Dr Alexandra. PINELLI
Praticien hospitalier
Secteur 75 G10/11
Avant de vous parler de cette histoire d’internement qu’on pourrait sous titrer « comment faire pour
rendre l’autre encore plus fou », laissez moi évoquer le contexte d’arrivée de ce patient très difficile et
l’ambiance de l’unité. Nous avons traversé l’hiver dernier une période, comme on en connait tous à
l’hôpital psychiatrique, pendant laquelle nos CSI n’ont pas désemplies, avec une concentration de
patients difficiles, agités et résistants aux traitements. Il arrive que la symptomatologie de ces patients
induise un sentiment de découragement et de fatigue chez les soignants, même si, comme aime le
répéter le Dr vidon, « on y arrive toujours ». Ajoutez à cela, le départ en retraite du Dr lagrange, qui
avait été le référent de l’unité depuis une bonne vingtaine d’année- rappelons nous que quand l’ombre
de l’objet tombe sur le moi ça fait mal, alors quand il s’agit de l’ombre de lagrange..-, moi qui devais
prendre la suite, a titre provisoire, sans grande expérience pour ce qui est du traitement de ce type de
patients et la gestion des soins en CSI (je venais de centre de crise)...ainsi, vous pouvez vous faire une
vague idée de l’ambiance du service durant cette période.

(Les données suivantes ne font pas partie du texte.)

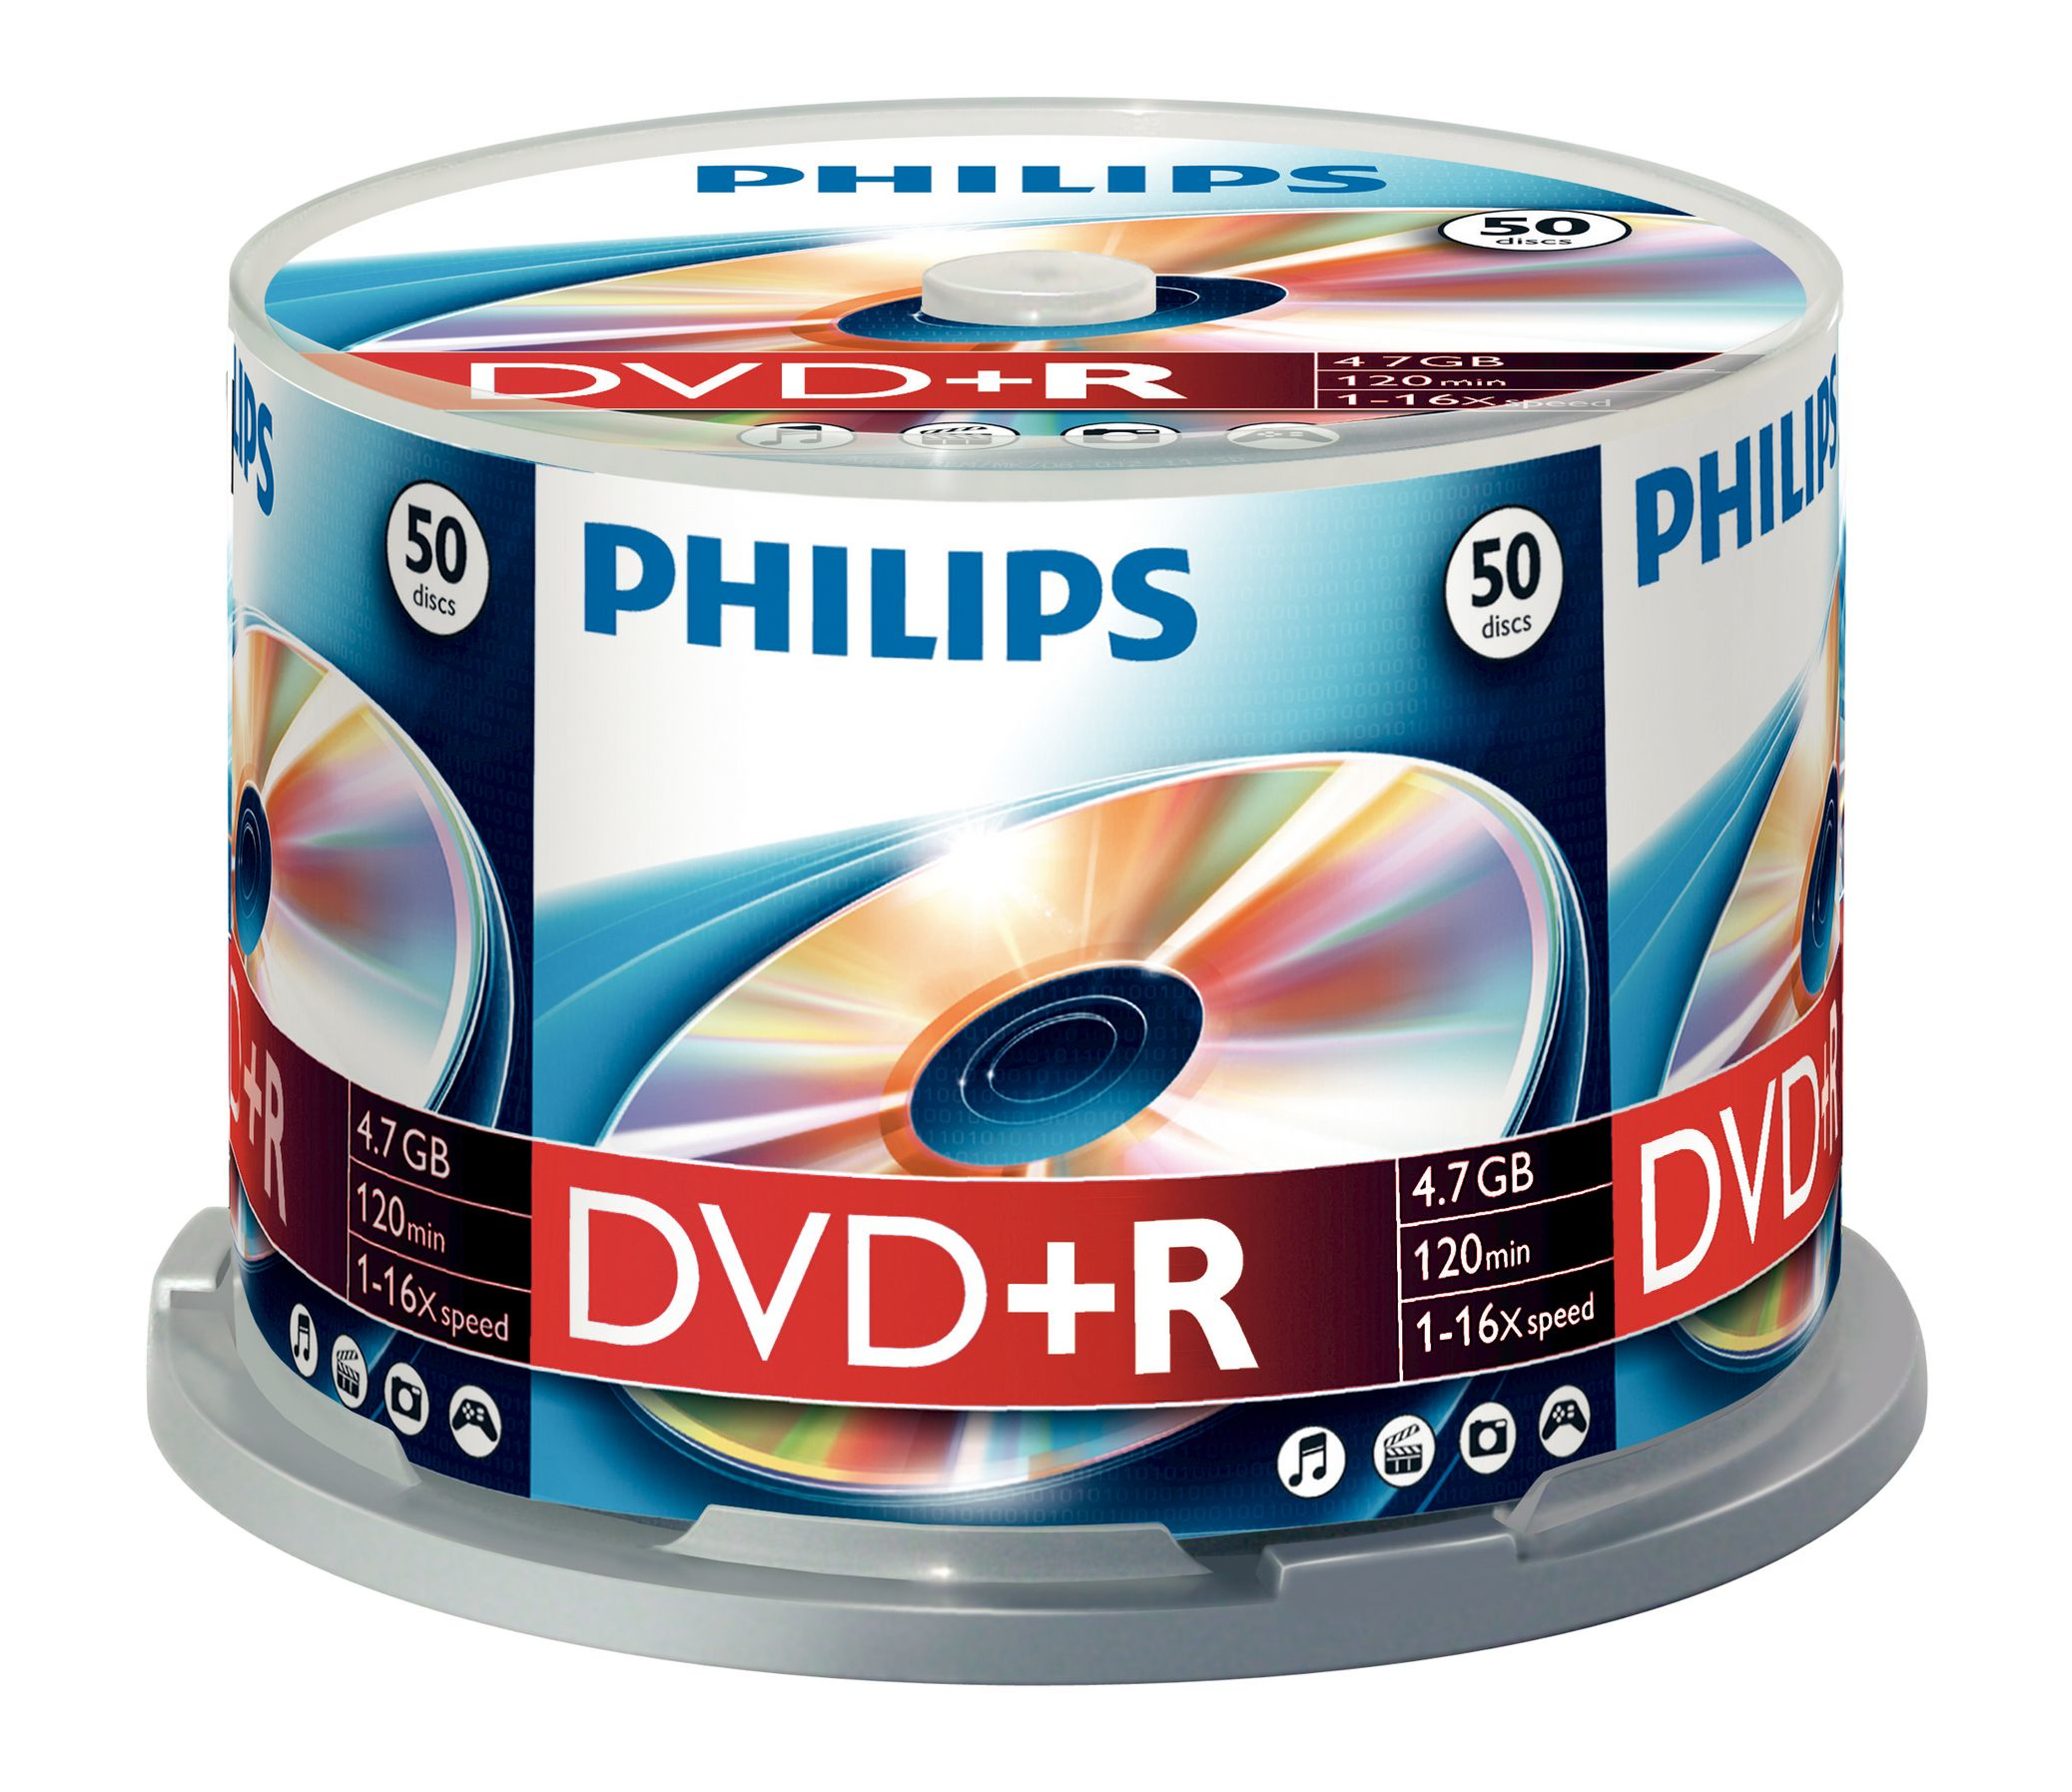 Philips 50 x DVD+R 4.7GB/120 min. DVD+R DR4S6B50F/00, 4.7 GB,  DR4S6B50F/00 - eet01

Il s’agit donc d’un patient de trente ans, un schizophrène difficile, connu du secteur depuis une dizaine
d’année, hospitalisé a plusieurs reprises dans le service, toujours sous contrainte, pour des épisodes de
décompensation délirante. La symptomatologie schizophrénique de ce patient est marquée par des
idées délirantes paranoïdes, une mégalomanie, un déni de la pathologie, une consommation de
toxiques divers et aggravée par de nombreuses ruptures de soin. Lors d’une nouvelle décompensation
délirante, il viole son amie. Il se retrouve alors en détention provisoire à la santé et va y rester prés
d’un an. Durant son incarcération, il refuse de se soumettre à l’expertise psychiatrique demandée par le
juge d’instruction, et refuse le traitement neuroleptique proposé par le psychiatre du smpr, qui accède
cependant à sa demande de traitement substitutif par subutex. C’est donc un patient schizophrène,
sans traitement et incarcéré depuis un an qui agresse très violemment un surveillant pénitentiaire, dans
un contexte de recrudescence délirante. Il est alors adressé dans le service en HO, en application de
l’article D-398 du code de procédure pénale. Le certificat médical initial du médecin du smpr (qui
n’est pas son psychiatre habituel, parti en vacances), évoque un syndrome dissociatif au premier plan,
des mouvements instinctivaux affectifs paradoxaux avec des conduites agressives et d’inhibition
psychomotrice contradictoire. Il est aussi noté que le syndrome délirant, qui est manifeste depuis
l’incarcération, s’aggrave de jour en jour, aboutissant à une incapacité à s’adapter au réel.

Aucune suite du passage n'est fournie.